(i) To express \(f(x)\) in the form \(A + \frac{B}{x} + \frac{Cx + D}{x^2 + 2}\), perform partial fraction decomposition:

1. Set \(f(x) = \frac{3x^3 + 6x - 8}{x(x^2 + 2)} = A + \frac{B}{x} + \frac{Cx + D}{x^2 + 2}\).

2. Multiply through by \(x(x^2 + 2)\) to clear the denominators:

\(3x^3 + 6x - 8 = A(x^2 + 2) + B(x^2 + 2) + (Cx + D)x\).

3. Expand and collect like terms:

\(3x^3 + 6x - 8 = Ax^2 + 2A + Bx^2 + 2B + Cx^2 + Dx\).

4. Equate coefficients:

\(A + B + C = 3\)

\(D = 6\)

\(2A + 2B = -8\)

5. Solve the system of equations to find \(A = 3, B = -4, C = 4, D = 0\).

(ii) To show \(\int_1^2 f(x) \, dx = 3 - \ln 4\):

1. Integrate \(f(x) = 3 - \frac{4}{x} + \frac{4x}{x^2 + 2}\).

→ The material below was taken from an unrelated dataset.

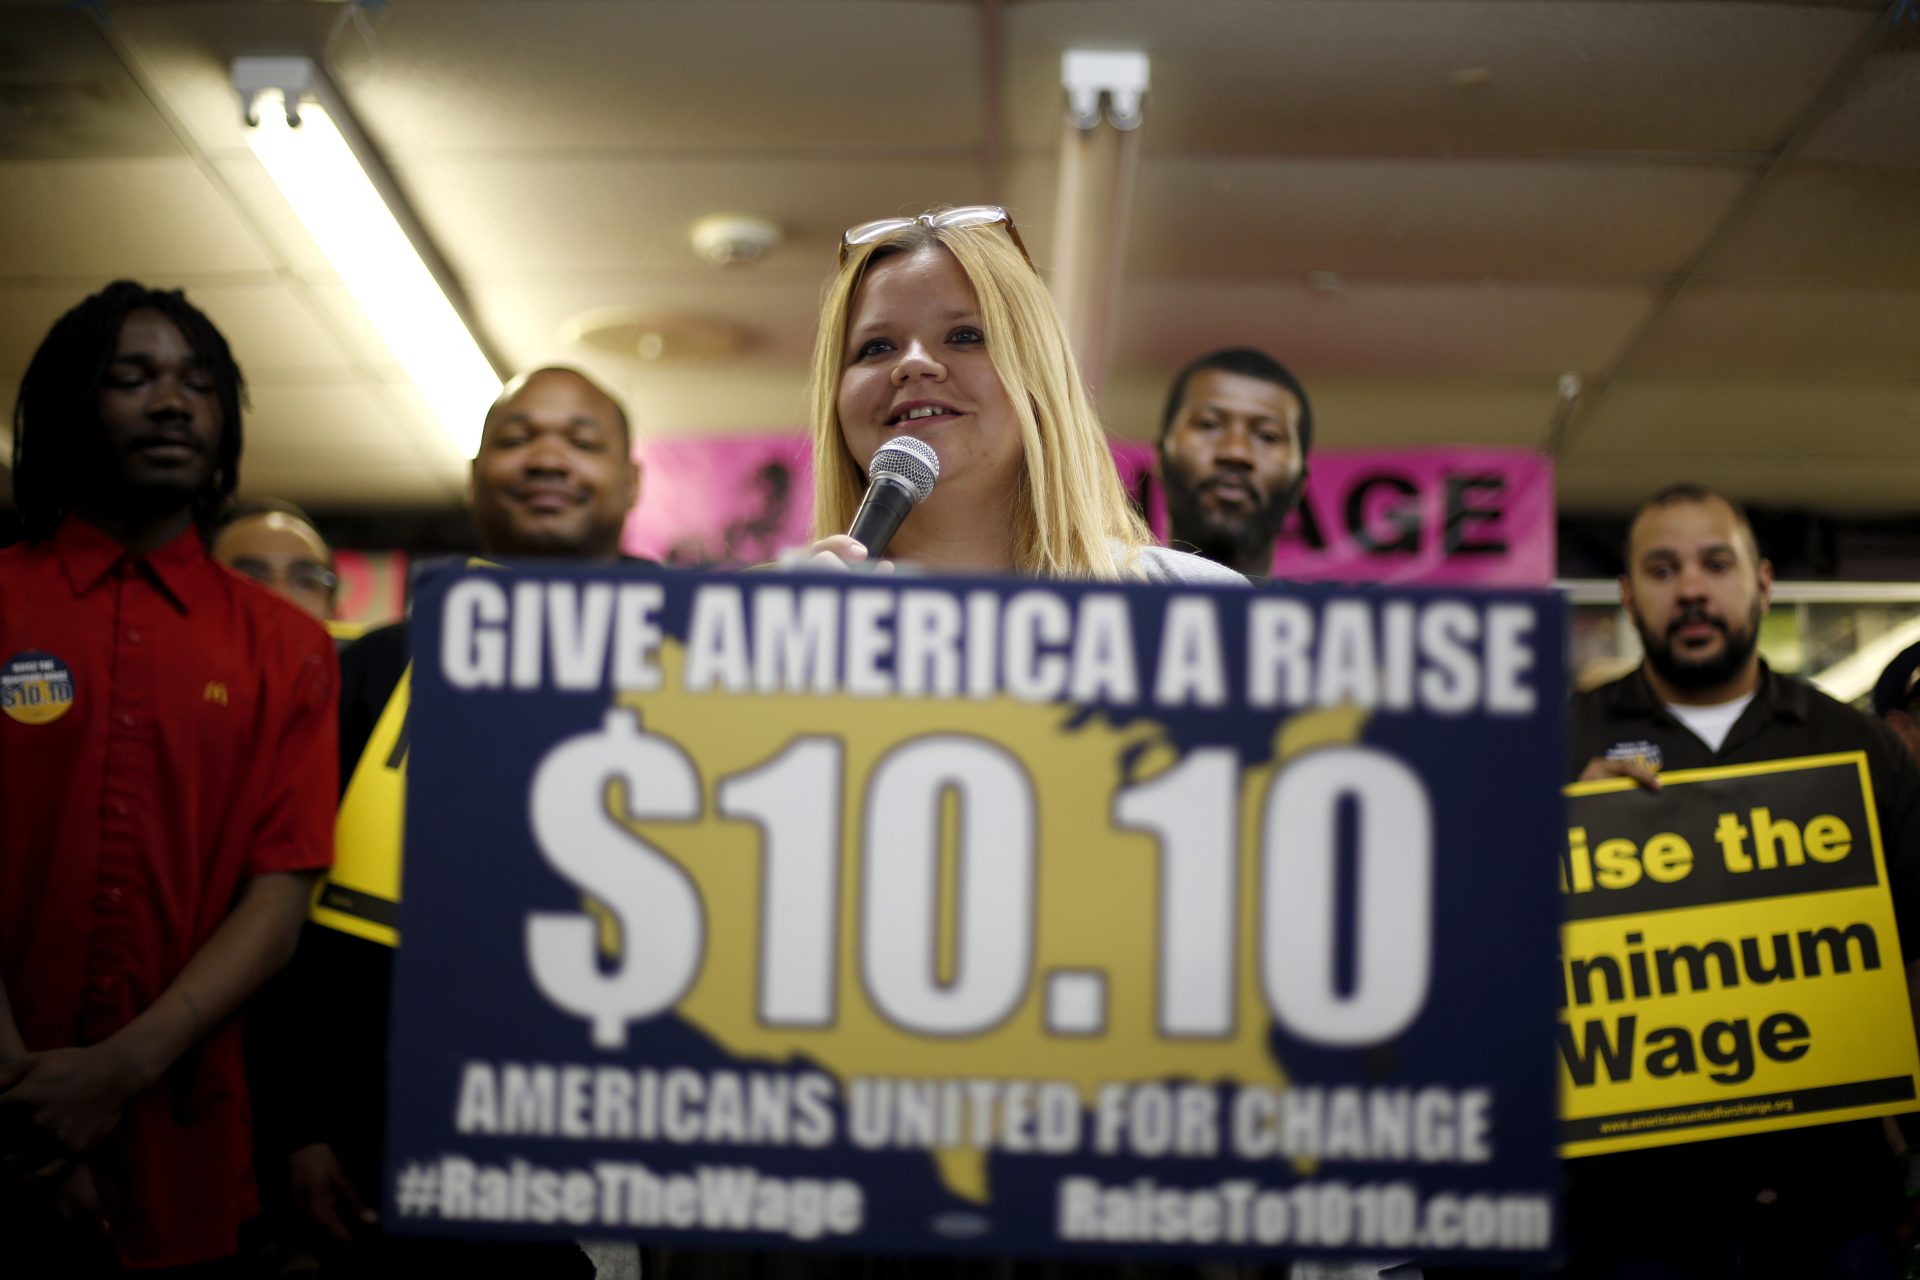 In this April 2014 photo, Amy Jennewein speaks during a rally in support of raising the minimum wage in Missouri. An increase passed as a ballot initiative in 2018.

2. Integrate each term separately:

\(\int 3 \, dx = 3x\)

\(\int -\frac{4}{x} \, dx = -4 \ln |x|\)

\(\int \frac{4x}{x^2 + 2} \, dx = 2 \ln(x^2 + 2)\)

3. Evaluate from 1 to 2:

\(\left[ 3x - 4 \ln |x| + 2 \ln(x^2 + 2) \right]_1^2\)

4. Substitute the limits:

\((6 - 4 \ln 2 + 2 \ln 6) - (3 - 4 \ln 1 + 2 \ln 3)\)

5. Simplify to obtain \(3 - \ln 4\).